Je me réveille
un matin dans un quartier classé sécurité prioritaire. Pas de voitures qui
brûlent, pas de règlements de compte, pas de batailles rangées, seulement des
vendeurs à la sauvette qui bloquent l’accès des bouches de métro et du marché
Dejean, du deal, de la prostitution. Dans la pratique, des interventions plus
régulières des forces de police dégagent les accès au métro. Je ne me plains
pas de pouvoir circuler plus librement. Fallait-il une étiquette QPS pour obtenir
deux voitures de police ?
Deux grandes questions
dans la Goutte d'Or : éviter l’enfermement et dégager l’avenir des plus
démunis. Donner des raisons aux couches moyennes diplômées de s’installer et de
rester. Le classement du quartier en QPS est de ce point de vue une catastrophe.
Il enferme davantage les habitants sans avenir, il fait davantage fuir les
habitants qui maîtrisent le leur.

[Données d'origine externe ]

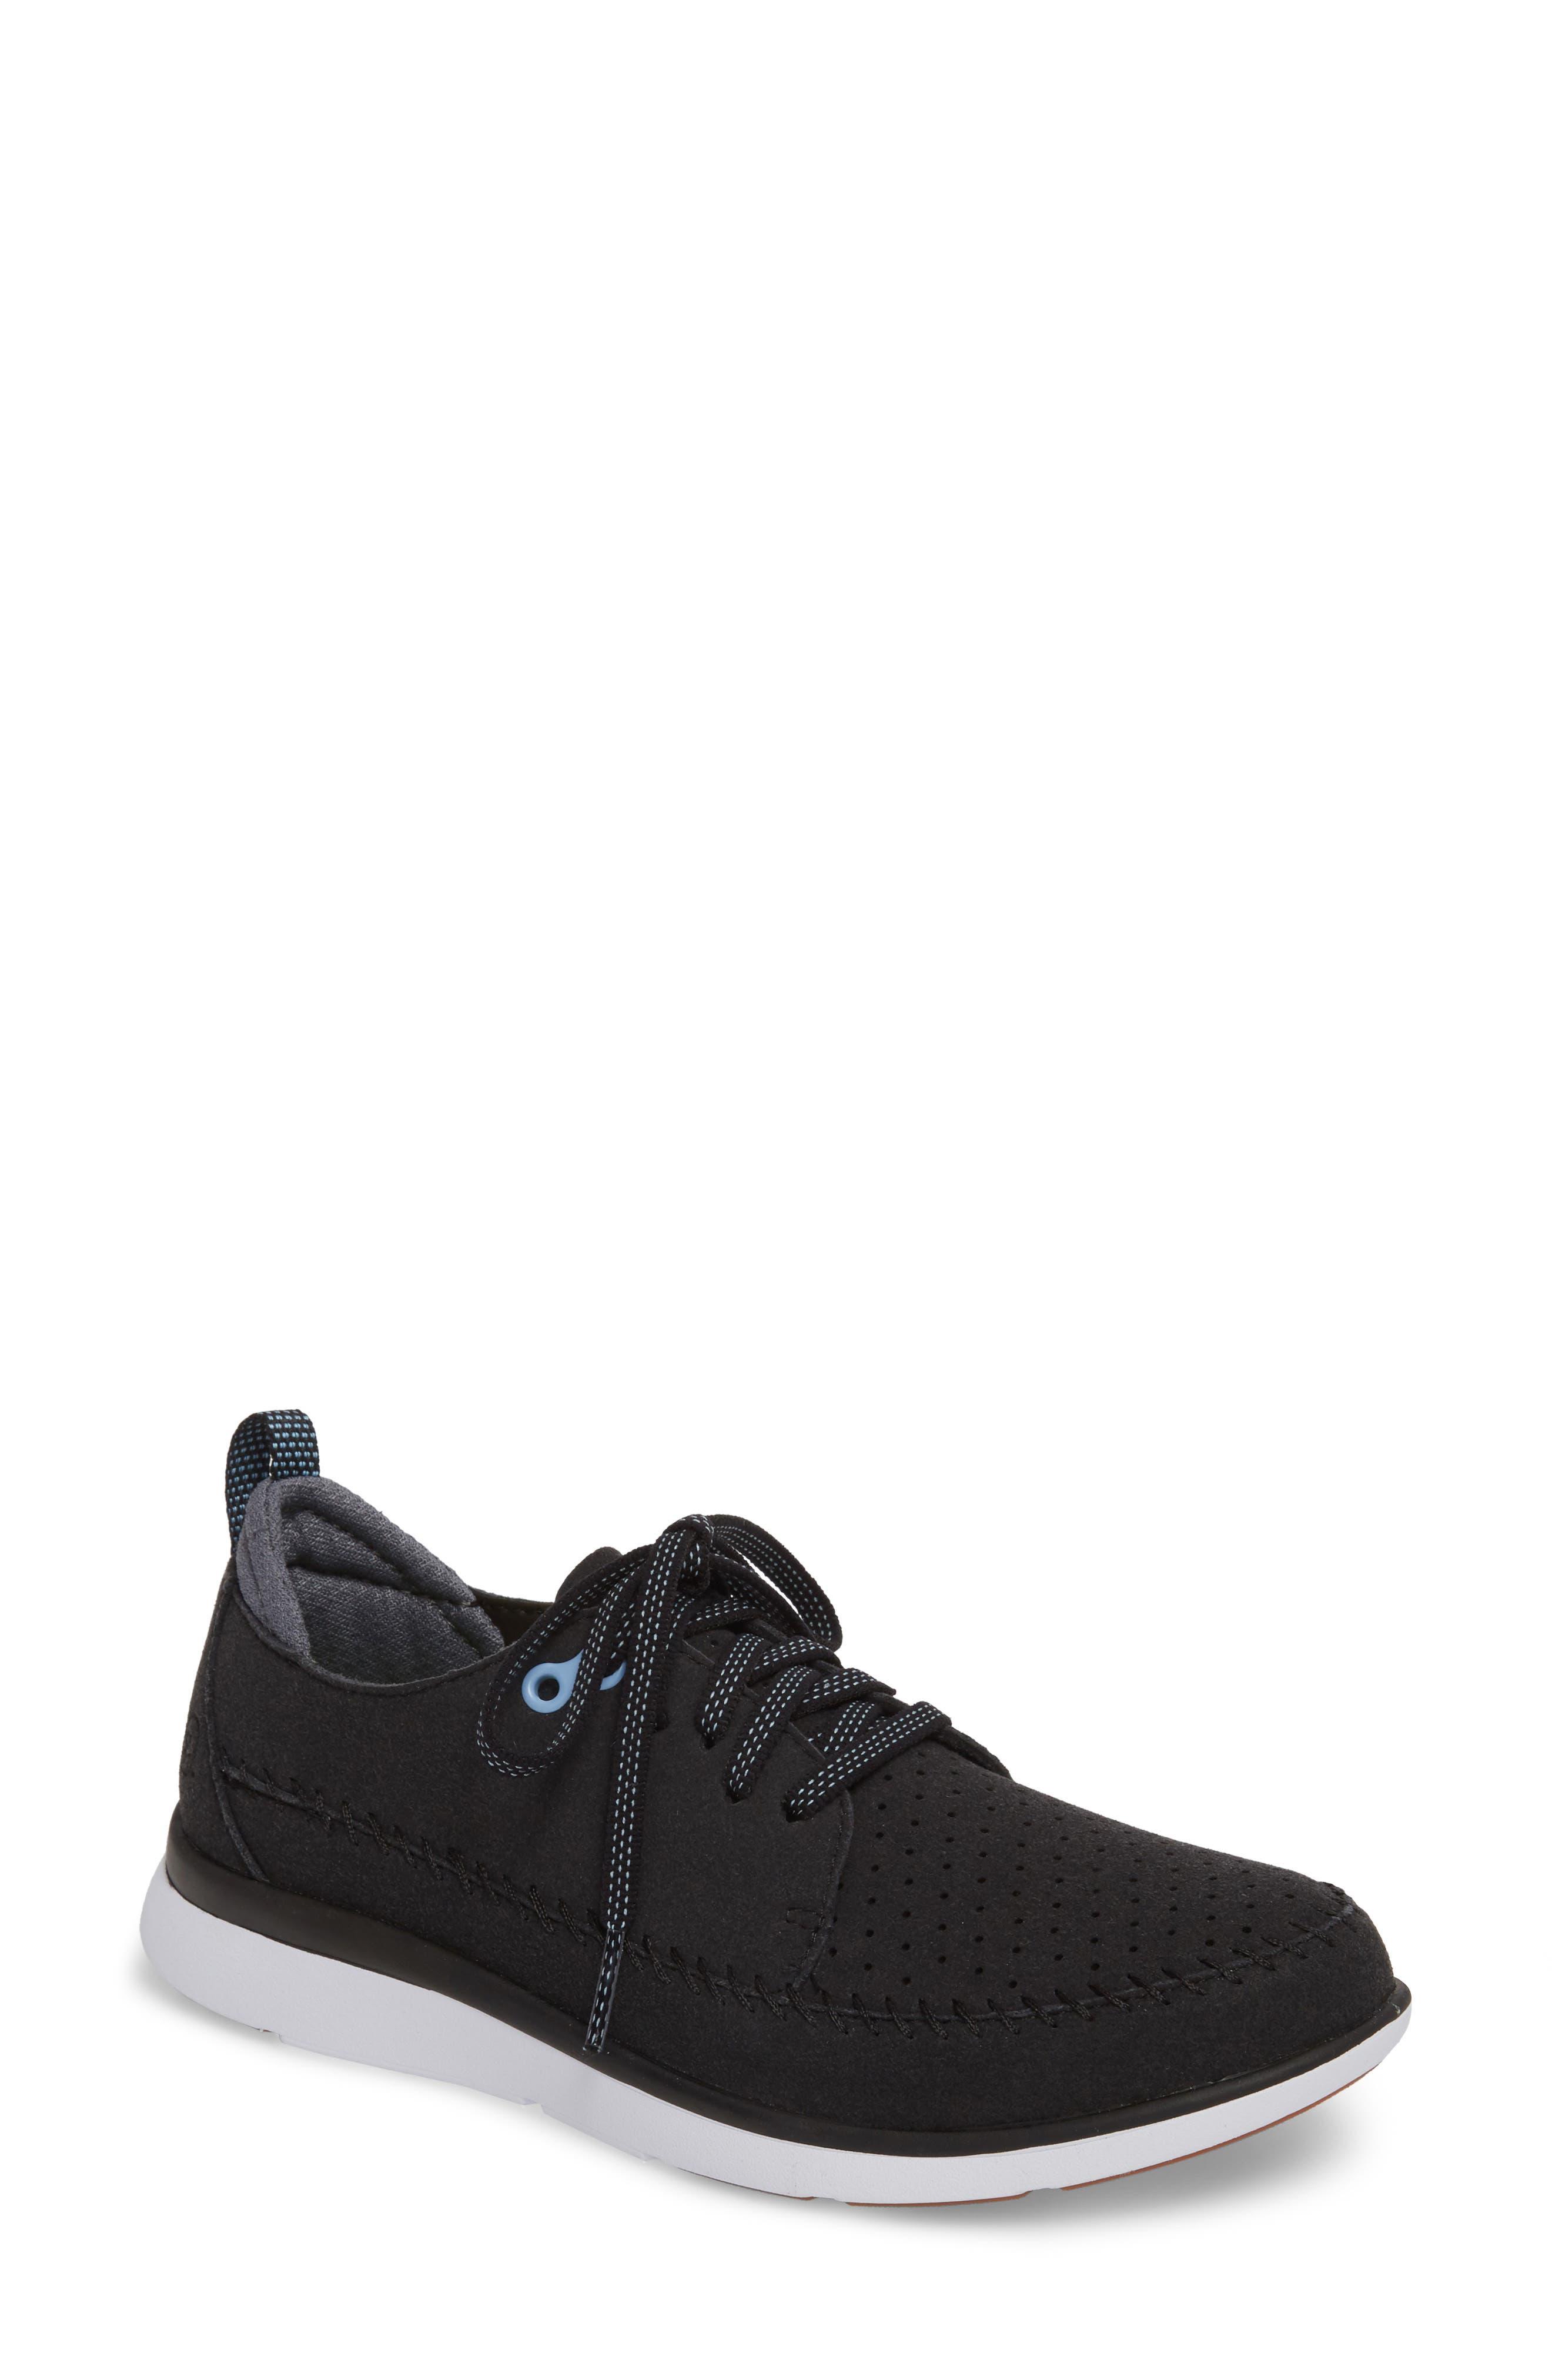 Addy Sneaker,                         Main,                         color, BLACK FABRIC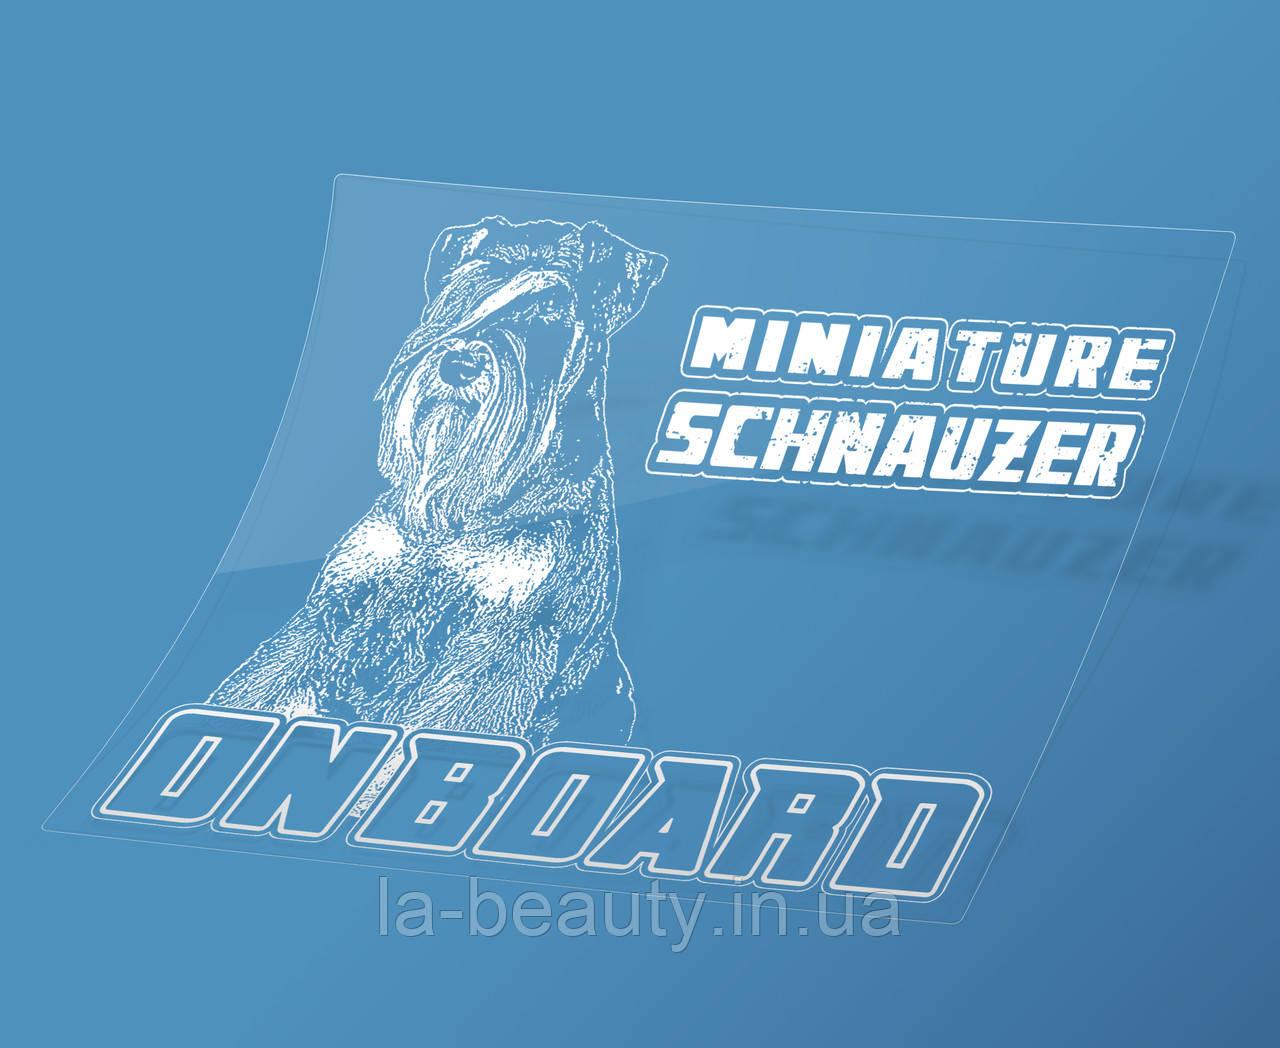 Наклейка на машину/авто Цвергшнауцер на борту (Miniature Schnauzer on Board)

Il y a de quoi être en colère. Le travail
patient des élus, des associations, des professionnels de la santé, de l’éducation,
de la prévention, tous ceux qui ont maintenu le quartier debout, ont agi pour
qu’il ne soit pas un ghetto, détruit les taudis et reconstruit des logements
sociaux, qui ont bâti des bibliothèques, des centres de musique, une rue de la
mode, un institut des cultures de l’Islam, reconstruit le Louxor, ceux qui accueillent
et soignent les usagers de drogue, tous ceux qui maintiennent les extrêmes à la
marge, qui mettent à jour des priorités autres que la sécurité, tout leur
travail est recouvert d’une sombre capuche sécuritaire.
Si l’on
cherche des urgences, j’en vois quelques-unes : une réflexion active sur
la ghettoïsation de l’enseignement. La reconstruction de l’ancien magasin Vano
à Barbès. Une ouverture au métro Château Rouge toujours au bord de l’asphyxie,
la réouverture de la bibliothèque de la Goutte d'Or fermée depuis près de deux
ans. Des lieux de consommation de drogue à moindre risque.
La sécurité, c’est
ce qui reste quand on a tout oublié.